Ok, what Lewis Little has done, is say, what if the wave and the particle are separate things?  What if really the target is emitting waves, and the particle is moved by these waves as it goes in the opposite direction? And this solves the problem. You don’t have to try and understand how the electron is in two places at the same time.  The waves emitted by the target are moving the particles, making the particles follow the wave interference pattern.  In his theory, everything emits these elemental waves, and photons and other small particles will be directed by them in reverse.  What is the evidence for the existence of these waves?  Basically, the evidence is the way the particles move.

As practical matter, aside from the issue of mystical happenings and religion, it simplifies the field of quantum mechanics tremendously.  Kind of like going from an earth centered view of the solar system, to a sun centered one.  The people doing the earth centered calculations were getting more and more complex in their calculations.  They could still predict pretty well,where the planets would be, their model worked to a degree,  but it was getting hopelessly complex to refine further.  I think Lewis Little’s understanding could do a similar thing.  Much of present QM is hopelessly complex, abstractions of abstractions.  My understanding is that what has really worked is the empirical, statistical equations, not the complex mathematical theory, too difficult to use as a practical matter.  I might say that the statistical, empirical, has been the emperor, a real thing, and the QM theories, the invisible clothes.
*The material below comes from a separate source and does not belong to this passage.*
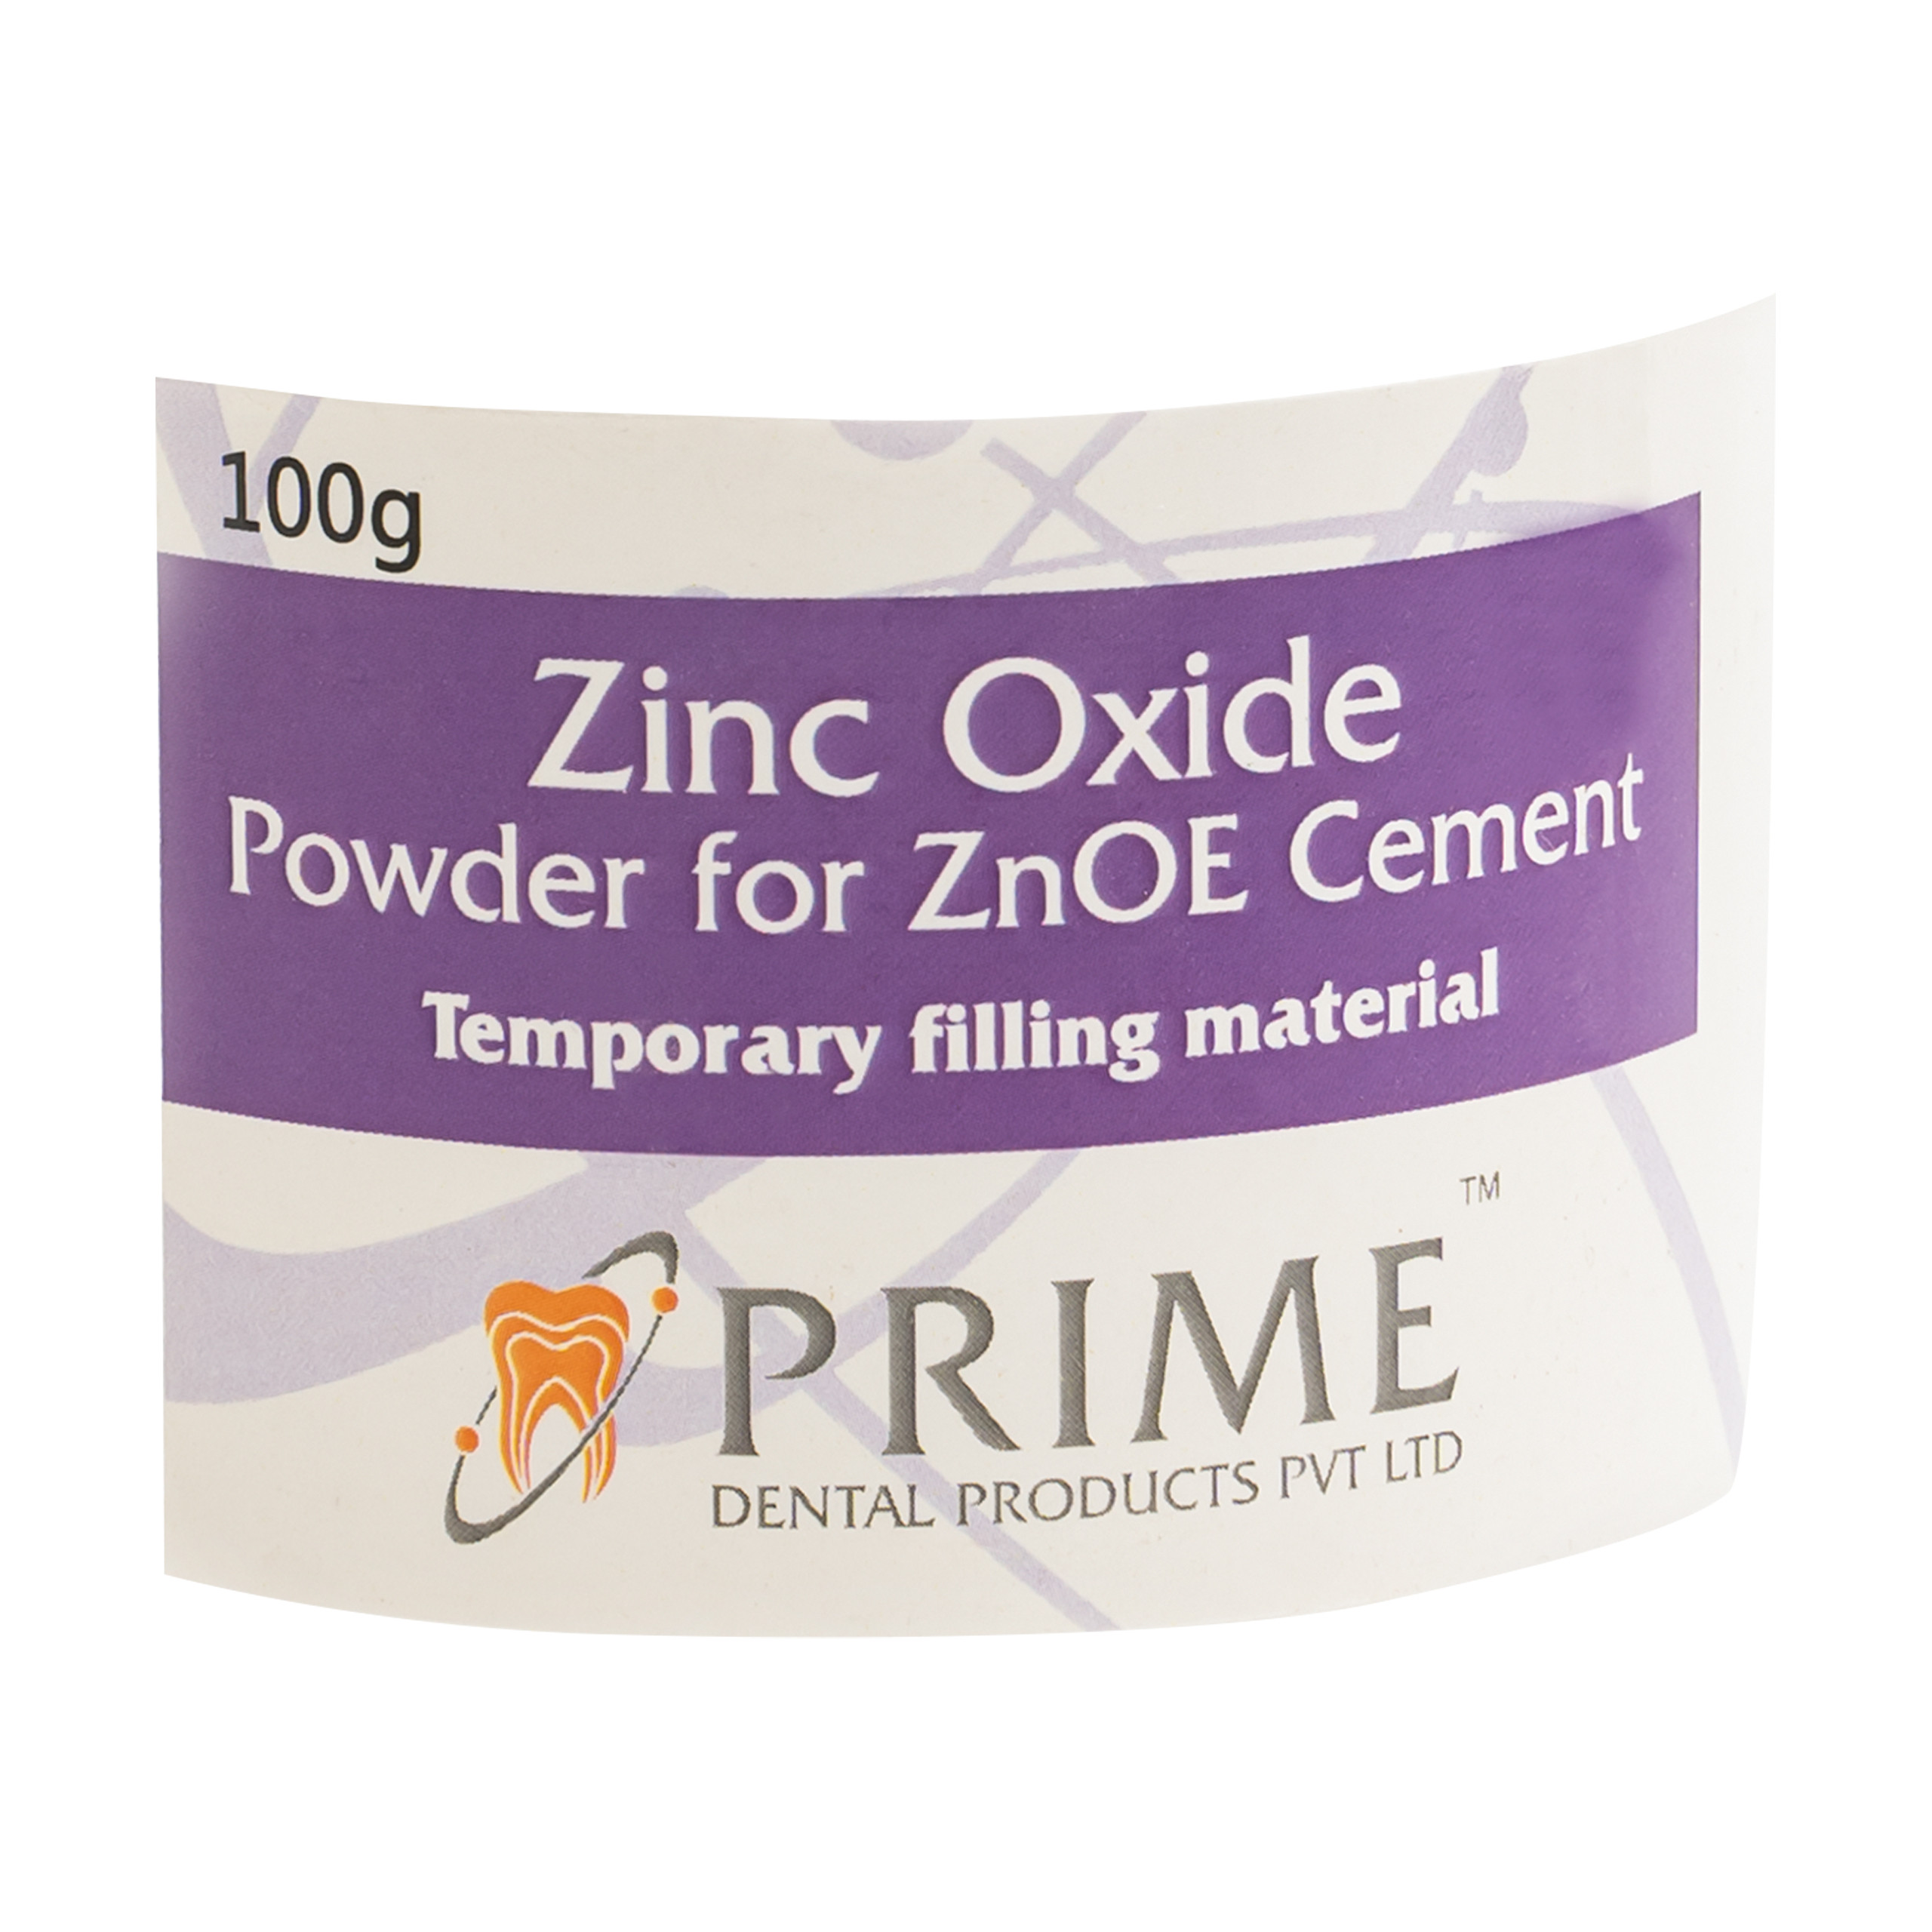 Prime Dental Zinc Oxide

Thomas Kuhn, now deceased, wrote an interesting book called “The Structure of Scientific Revolutions” where he goes over the way new thinking came about in the past. Basically, he saw that a theory works to an extent, but anomalies usually exist, and as time goes by, research trying to extend the theory gets more and more complex, hung up on the anomalous places it can’t cover, eventually makes the anomaly stick out. Someone comes up with a new theory that fixes the anomaly.  But scientists have invested in learning the old, in the past they often kept faithful to it to the grave, and a new theory only totally takes over when the opposition dies off. What I’m seeing here fits that pattern.  If you’ve spent years learning present QM theory, unless you are very unusual, you aren’t going to be thrilled by a theory that regulates much of it to the realm of earth centered science.   You will call it weird, untenable. It threatens your livelihood.

Quantum mechanics is a little unusual in that the anomalies have stuck out from the beginning.  But until Lewis Little, the theory to explain the anomalies has been missing, the best anyone could do was declare that the universe was a strange place, so get over it.  Well, the universe is a strange place, and understanding quantum mechanics better doesn’t change that.  I don’t see it ever being resolved “why” things are as they are. But that doesn’t mean I turn my back on whatever small understanding does come along, that explains “how”, things are.

Anyway, I found Lewis Little’s work to be very interesting, and think his name is going to end up in the company of Newton and Einstein.